== SUPPLIED MATERIAL ==
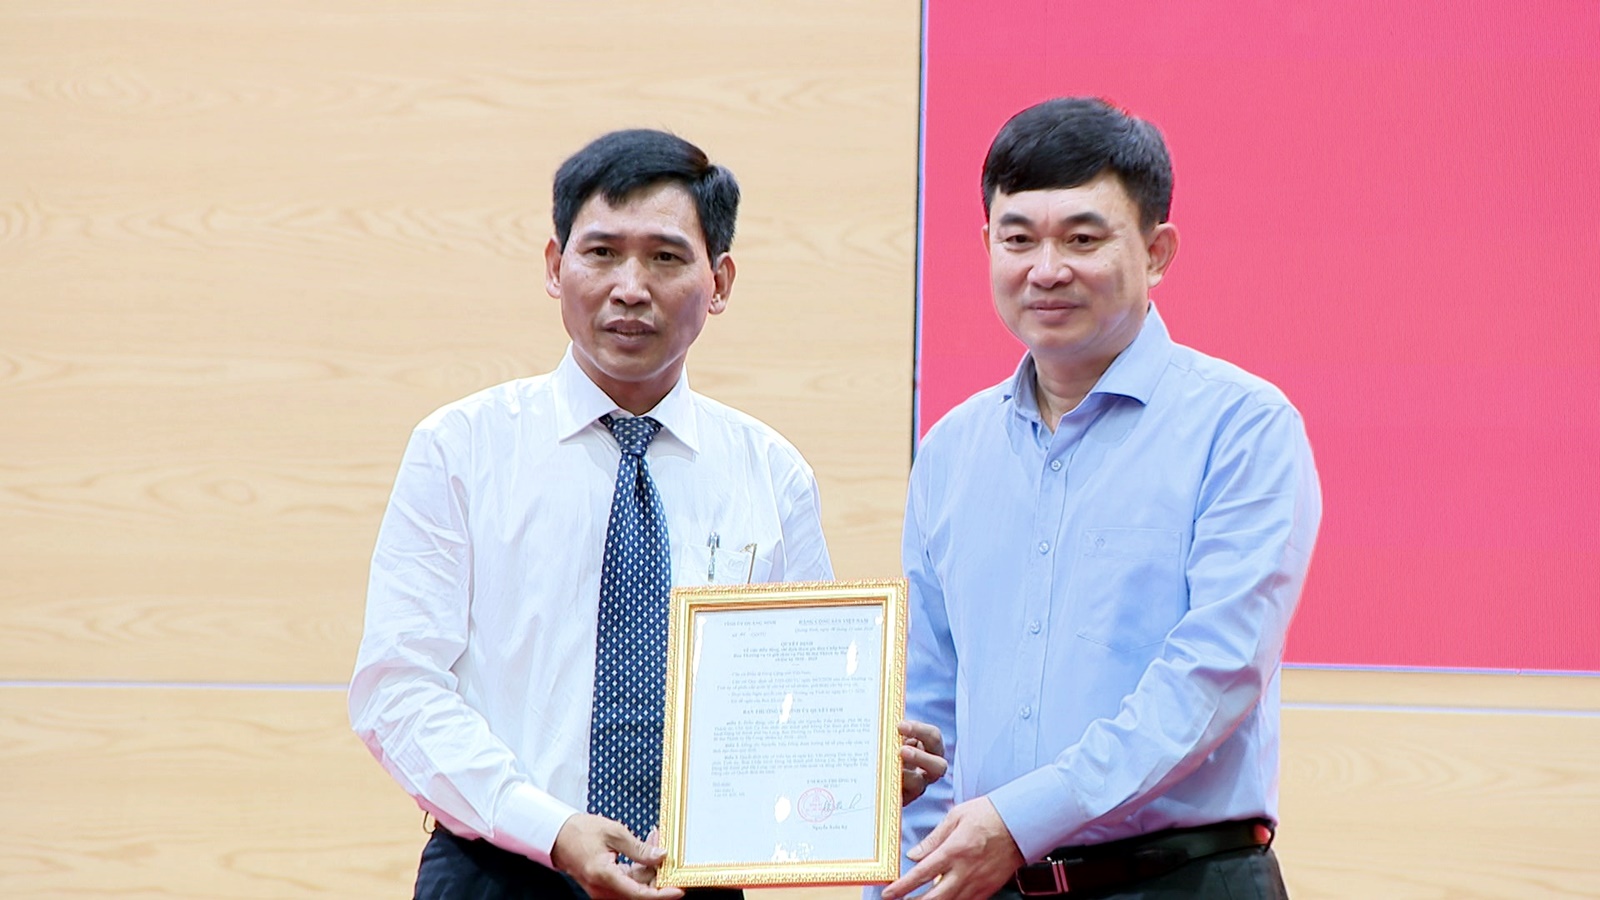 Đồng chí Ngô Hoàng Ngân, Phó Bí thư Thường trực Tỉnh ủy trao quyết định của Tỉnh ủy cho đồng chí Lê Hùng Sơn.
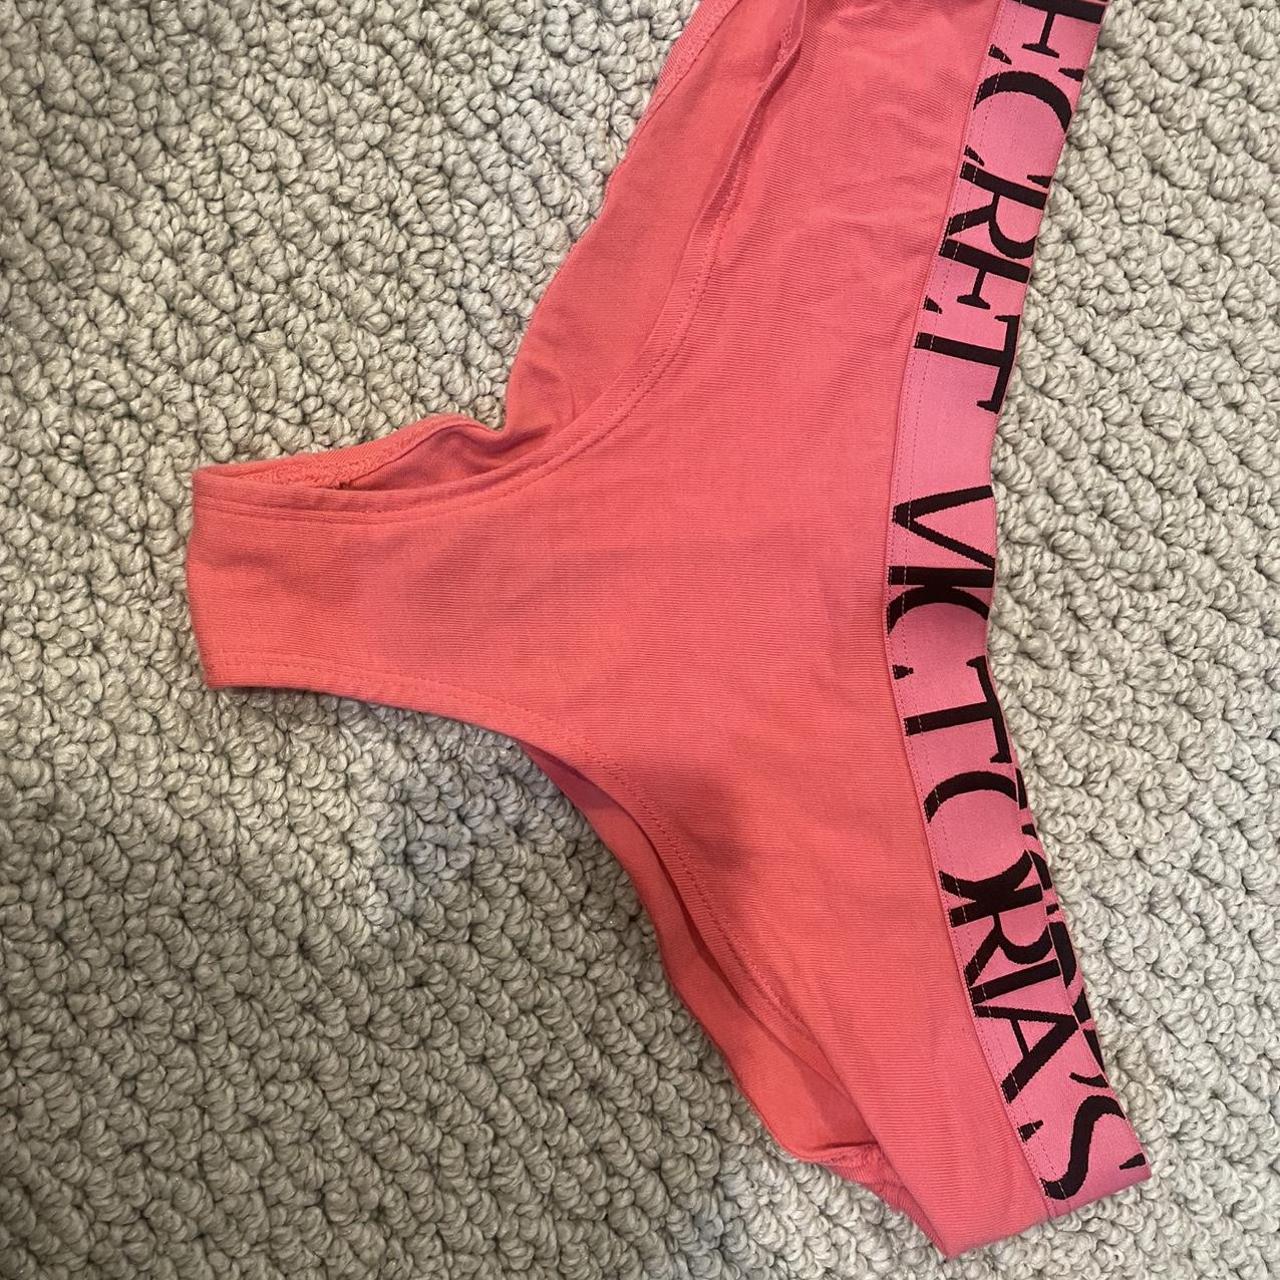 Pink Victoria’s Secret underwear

---

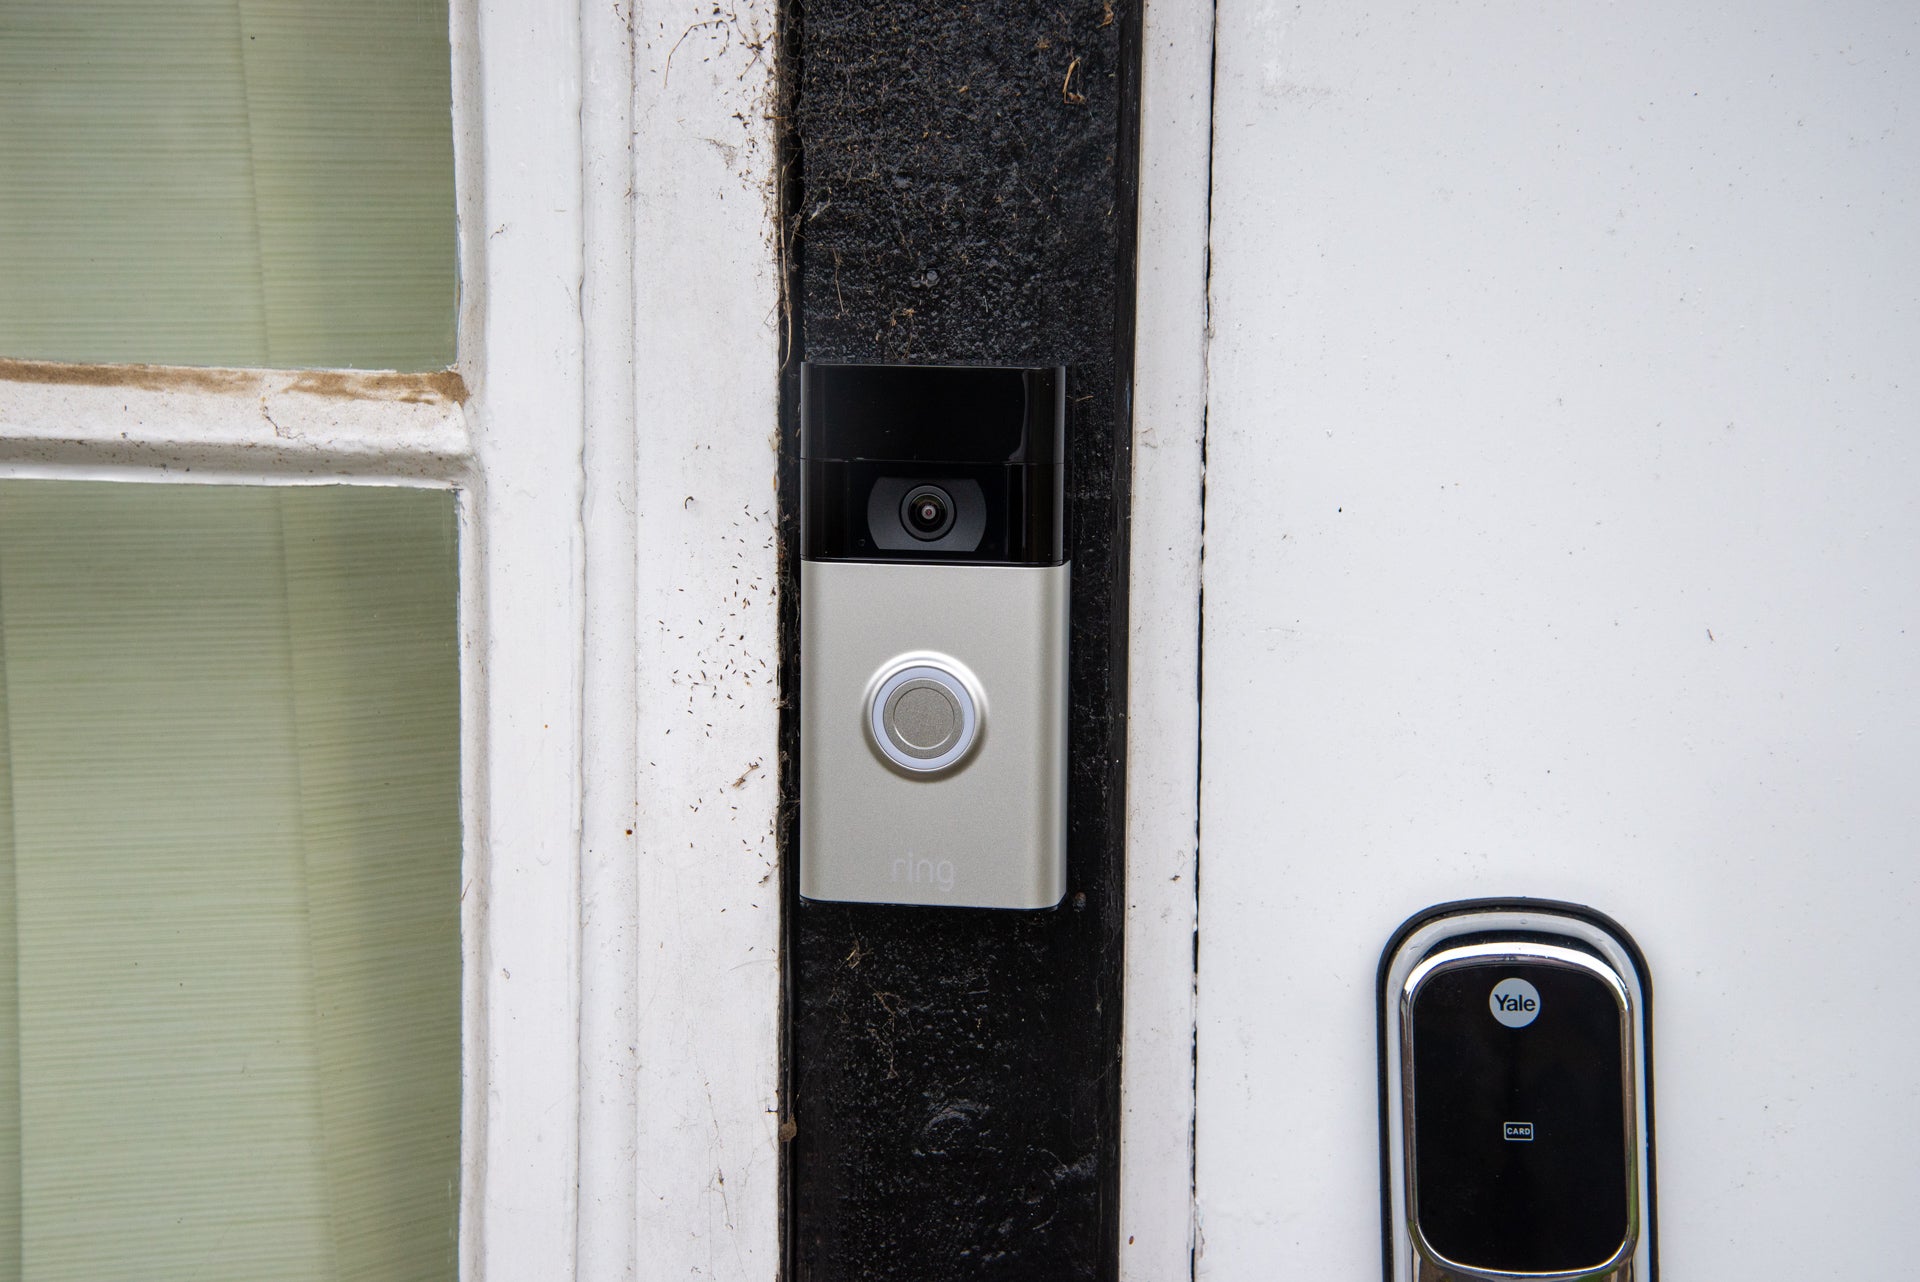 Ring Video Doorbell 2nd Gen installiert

== WHAT NEEDS TO BE DONE ==
In the listing above, find the line with "Đồng chí Ngô" and the line with "Pink Victoria’s Secret underwear". Output both, plus every line between them, and no pictures.

== TASK RESULT ==
 Đồng chí Ngô Hoàng Ngân, Phó Bí thư Thường trực Tỉnh ủy trao quyết định của Tỉnh ủy cho đồng chí Lê Hùng Sơn.
 Pink Victoria’s Secret underwear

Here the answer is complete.